As an introduction to OpenMP, I'm trying to print a list of prime numbers.
// compile: gcc primes.c -fopenmp -o primes
#include <stdio.h> //printf()
#include <stdlib.h> //atoi() and malloc()
//#define ARR_MAX 1000
int isPrime(int n) {
if (n < 2)
return 0;
for (int i = 2; i < n; i++) {
if (n % i == 0)
return 0;
}
return 1;
}
int main(int argc, char *argv[]) {
int n;
if (argc < 2 || !(n = atoi(argv[1]))) // || n >= ARR_MAX)
return 0;
// int arr[ARR_MAX];
int *arr = (int *)malloc(sizeof(int) * (n + 1));
int counter = 0;
#pragma omp parallel for shared(arr)
for (int i = 0; i <= n; i++) {
if (isPrime(i)) {
arr[counter] = i;
printf("%2d ", arr[counter]);
counter++;
}
}
printf("\n");
for (int i = 0; i < counter; i++) {
printf("%2d ", arr[i]);
}
printf("\n");
free(arr);
}
I print the results twice.
Here's the same example, run 6 times:
$ ./primes 55
2 3 5 7 11 13 17 19 23 43 47 53 29 31 37 41
43 3 5 7 11 13 1 19 23 0 47 53 33605084 31 37 41
$ ./primes 55
29 31 37 41 2 3 5 7 11 13 43 47 53 17 19 23
43 31 37 41 43 3 5 7 11 13 9 47 53 0 19 23
$ ./primes 55
2 3 5 7 11 13 29 31 37 41 17 19 23 43 47 53
43 3 5 7 11 13 1 31 37 41 9 19 23 0 47 53
$ ./primes 55
29 31 37 41 43 47 53 2 3 5 7 11 13 17 19 23
43 31 37 41 43 47 53 0 3 5 7 11 13 0 19 23
$ ./primes 55
43 47 53 17 19 23 2 3 5 7 11 13 29 31 37 41
43 47 53 0 19 23 1 3 5 7 11 13 33605084 31 37 41
$ ./primes 55
29 31 37 41 2 3 5 7 11 13 43 47 53 17 19 23
43 31 37 41 43 3 5 7 11 13 9 47 53 0 19 23
I'm currently using malloced array, just to avoid having a max. But I also tried it with a static array. The code is still there, commented out, if you want to inspect it or try it. The same problem was present then.
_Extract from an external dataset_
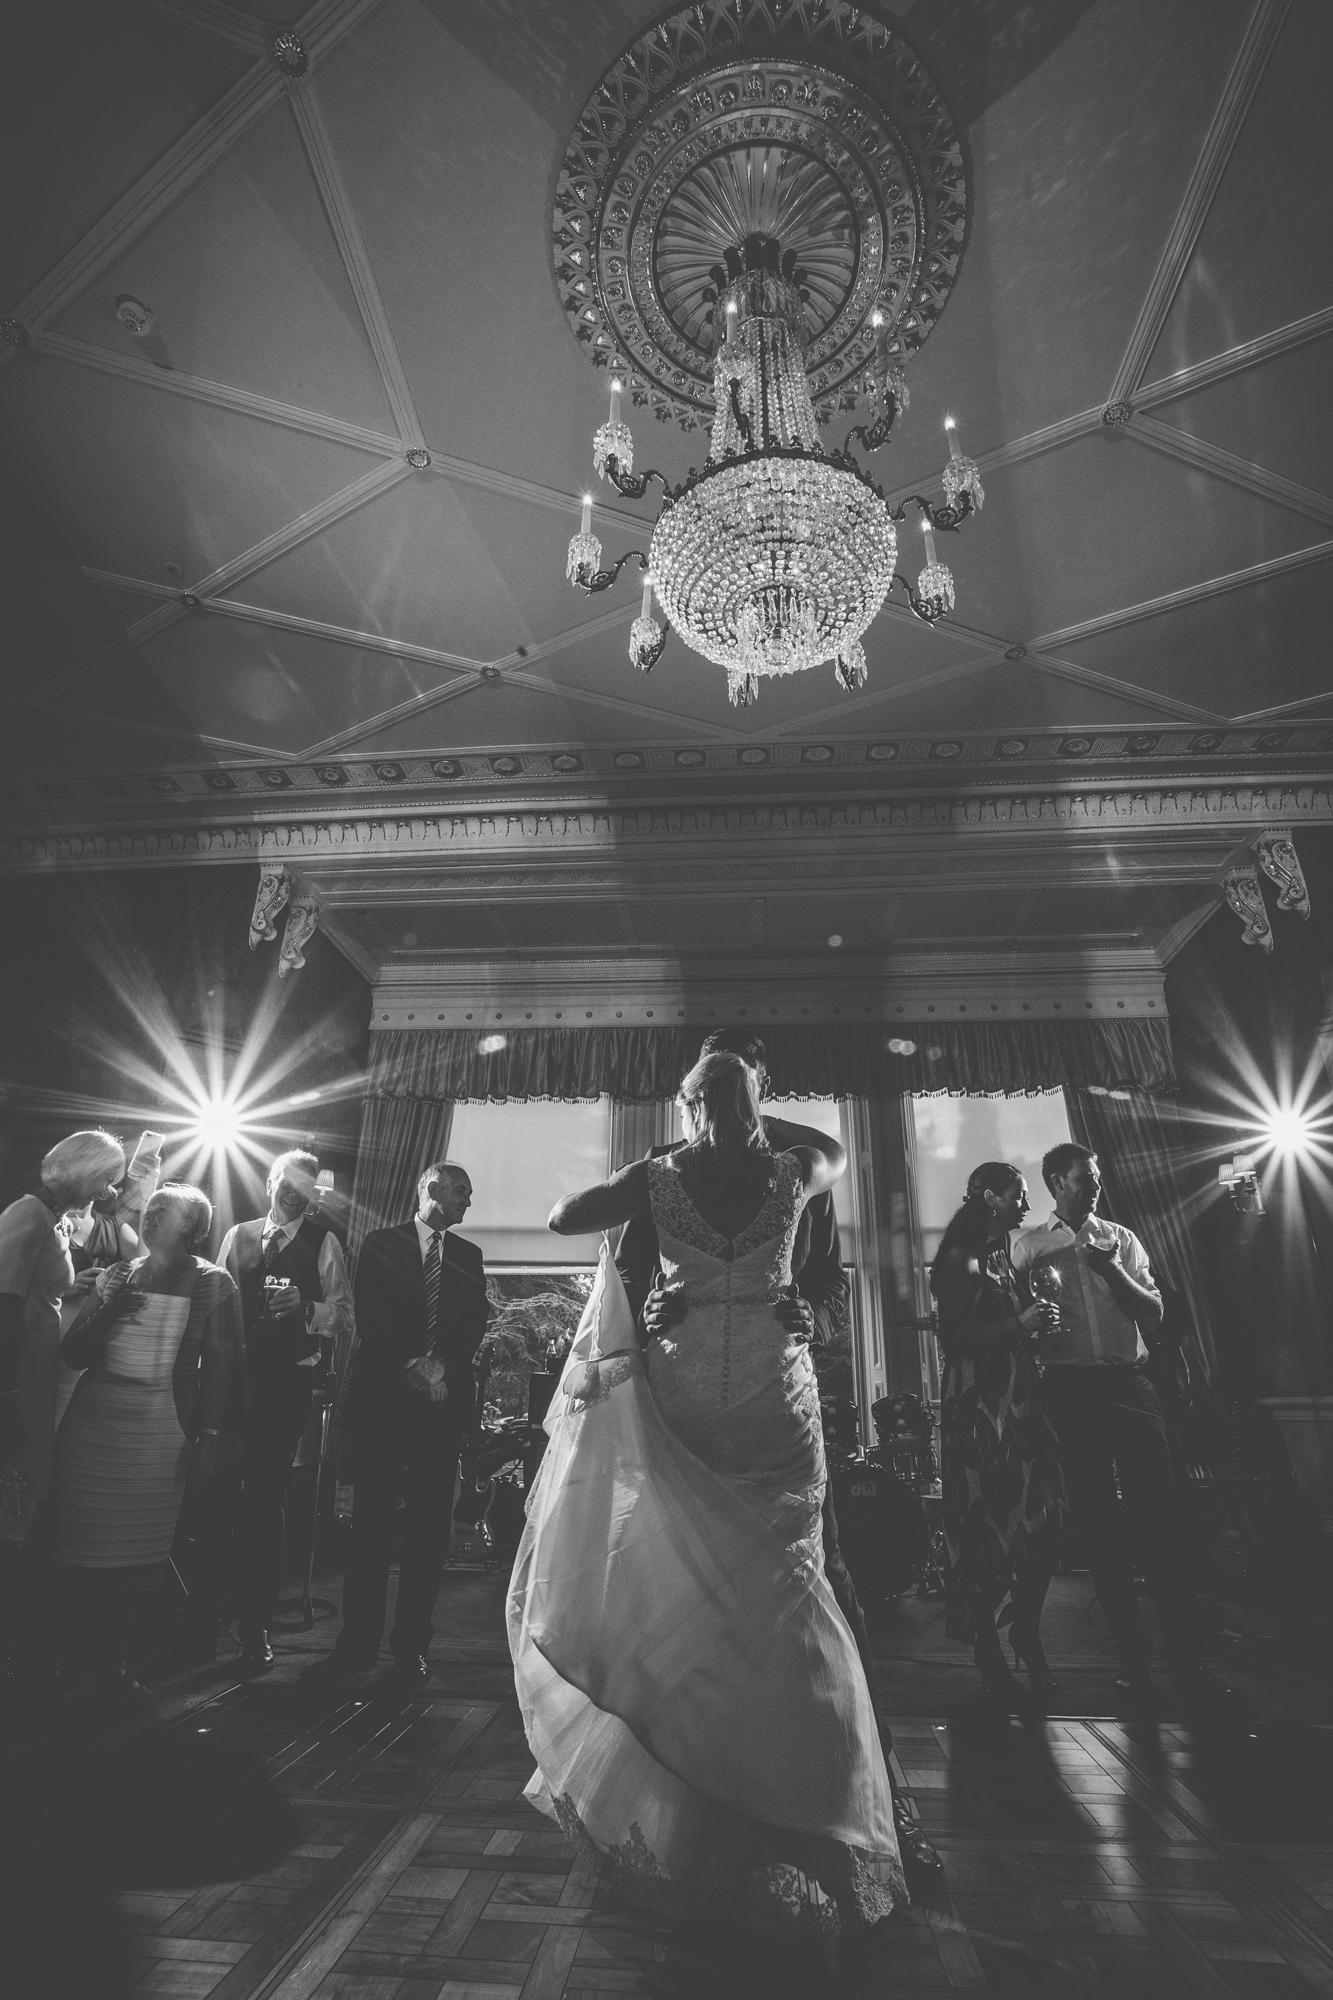 bowcliffe hall wedding photographers yorkshire-74.jpg

There is a race condition in your code: you cannot safely do counter++
and arr[counter] = i
in this parallel loop because multiple thread can find primes at the same time.
A simple way to fix this is to use a critical section (with #pragma omp critical
so the content of the condition is executed by one thread at a time and counter
is protected. This is not so bad when n
is large since there are not a lot of prime number compared to classical numbers (AFAIK O(n/log(n))
prime numbers). This solution is certainly the best on platforms with few cores.
An alternative solution is to use atomics (wit #pragma omp atomic
), but they are not far better than a lock here on most mainstream architecture.
Another solution is to write the prime number found in a thread-local buffer and then copy it in a shared buffer. That being said, the order is not preserved. You can restore the order using a sort, but sorting algorithms tends to be a bit slow. A parallel sort can be relatively fast, but hard to implement efficiently.
A last solution is to allocate a 8-bit mask array of size n
initialized to 0 and flag prime numbers by setting the value to 1. This solution is certainly the best on many-core platforms. You can then travel the mask array to find the prime numbers. This can even be done in parallel in two steps: 1 parallel reduction to count the number of values and one to fill the final array containing prime numbers.
Also please note that the order of printf
calls is not deterministic in a parallel loop.